Chapter 7 - Functions - Exercise Set 7.4 - Page 440: 15

See explanation

**Answer assuming “bit strings” means all finite sequences of 0’s and 1’s:** A standard argument is to observe that bit strings can be grouped by their length: - There is exactly \(1\) string of length \(0\) (the empty string). - There are \(2\) strings of length \(1\). - There are \(2^2 = 4\) strings of length \(2\). - \(\dots\) - In general, there are \(2^n\) strings of length \(n\).
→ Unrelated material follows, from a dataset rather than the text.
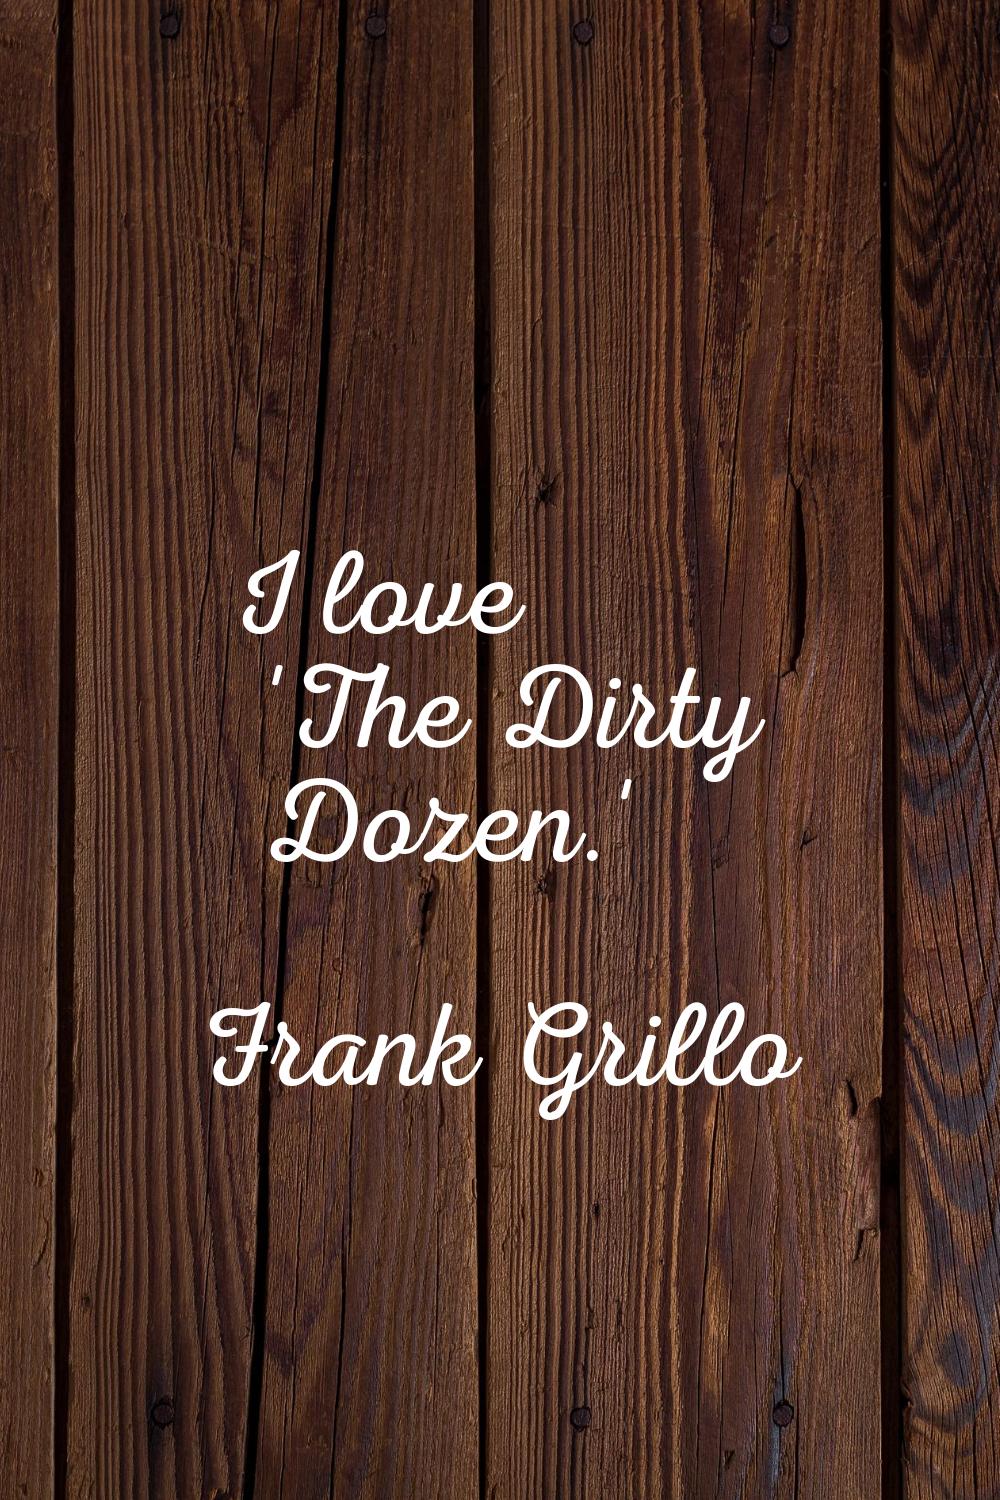 I love 'The Dirty Dozen.'

Thus, the set of **all** finite bit strings is the **countable union** of these finite sets: \[ \underbrace{\{ \varepsilon \}}_{\text{length }0} \;\cup\; \underbrace{\{0,1\}}_{\text{length }1} \;\cup\; \underbrace{\{00,01,10,11\}}_{\text{length }2} \;\cup\;\dots \] A countable union of finite sets is itself **countable**. Concretely, you can list all bit strings by writing first the length‐0 string, then all length‐1 strings, then all length‐2 strings, etc.: \[ \varepsilon,\; 0,\;1,\; 00,\;01,\;10,\;11,\; 000,\;001,\;010,\;011,\;\dots \] Because we can arrange every finite bit string into a single infinite list (one after another), the set of all such strings is countable. --- **Note**: If instead one considers **infinite** bit strings (sequences of 0’s and 1’s of infinite length), that set is **uncountable**, akin to the cardinality of the real numbers in \([0,1]\) when viewed in binary form.